66 results about "Aluminium smelting" patented technology

The invention discloses a method for harmless disposal and recycling of aluminum ash. The method comprises steps of raw material water immersion nitrogen and chlorine removal, calcination fluorine removal, alkali fusion sintering, sintering material dissolving-out and purifying impurity removal. Aluminum ash generated in metal aluminum smelting process is employed as a raw material, after metal aluminum is recycled through secondary processing, nitrides are removed through water immersion, fluorides are removed through calcinations, alkali fusion sintering is carried out, the sintering materials are dissolved out, impurities are removed through a sodium aluminate solution, the processed aluminum ash is employed as a raw material for producing sand-shaped aluminum oxide. Ammonia gas generated in the aluminum ash harmless disposal process can be employed as an ammonium production raw material, a chlorination liquid generated can be employed as a chlorate production raw material, and silicon fluoride gas generated in the calcination process is absorbed by an aqueous solution. The method is simple and practical, environmental protection benefits are high, the production efficiency is high, the device investment is low, and energy consumption is low. Harmless and recycling disposal of hazardous wastes can be achieved. The obtained product can be applied in practical production.

A process for refining Al from alumina ore by vacuum carbothermic reduction method includes such steps as loading alumina ore, reducing agent and chlorinating agent in internally heated vacuum furnace, reaction at 1270-1570 deg.C under 5-400 Pa for 100-120 min to obtain AlCl, and lowering the temp to lower than 900 deg.C to obtain metallic Al with high purity (more than 95%) and AlCl3 with more than 78% in recovery rate.

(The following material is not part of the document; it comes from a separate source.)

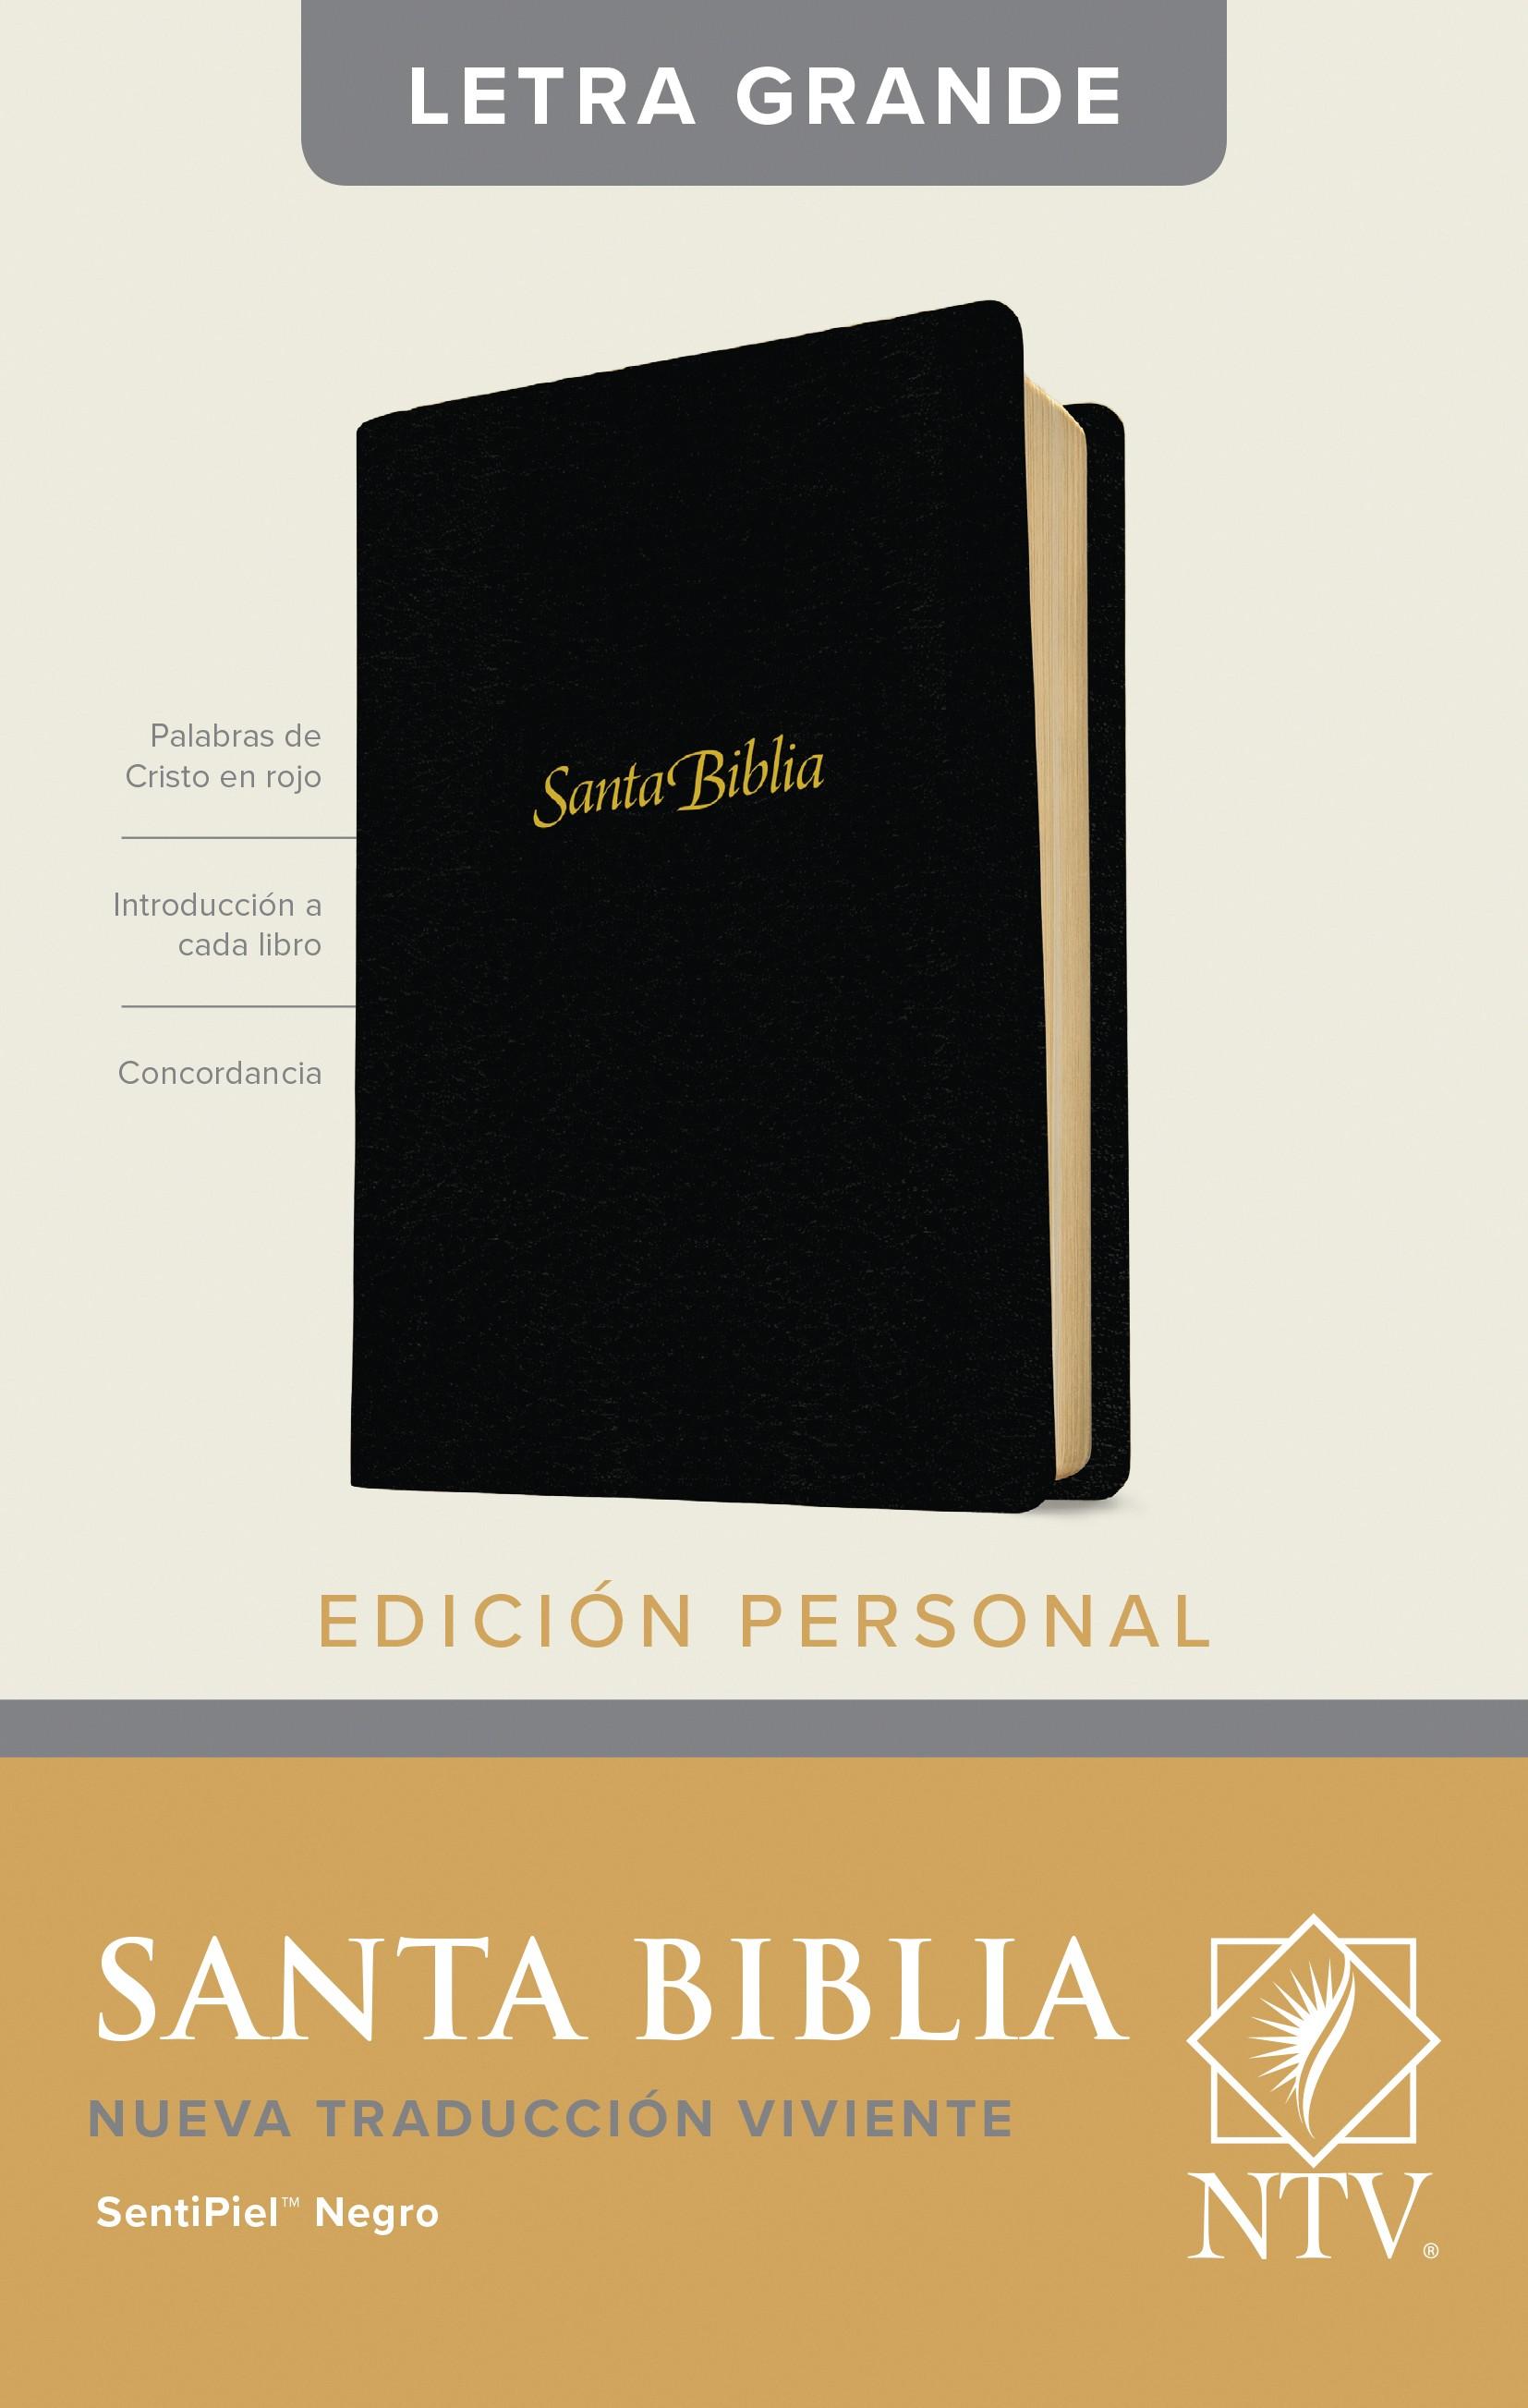 Santa Biblia NTV, Edición personal, letra grande (Letra Roja, SentiPiel, Negro)

The invention relates to a preparation method and a using method for a slurry type iron-based red mud arsenic removing agent. The slurry type iron-based red mud arsenic removing agent is prepared by grinding sintering process or Bayer process red mud and manually or mechanically mixing the ground sintering process or Bayer process red mud with ferrous solution at a certain concentration. When used, the slurry type iron-based red mud arsenic removing agent is sprayed by a slurry pump or manually and mixed with water by a water flow or a mechanical force, so that arsenic contaminant in water can be eliminated after standing and precipitating. The chemical contains about 5 to 10 percent of ferrous, about 40 to 50 percent of red mud and about 50 to 55 percent of water. By combining the chemical with the action of arsenic absorption and iron and arsenic coprecipitation, the precipitation performance is high, the form of absorbing arsenic is stable, and secondary contamination is prevented. In the invention, industrial waste from aluminum smelting industry and cheap ferrite are adopted, so the water treatment cost is reduced greatly; and economic and social benefit is created particularly when the agent is used for treating industrial and mining high-arsenic waste water and other industrial and mining high-arsenic waste water and remediating large-area water arsenic contamination.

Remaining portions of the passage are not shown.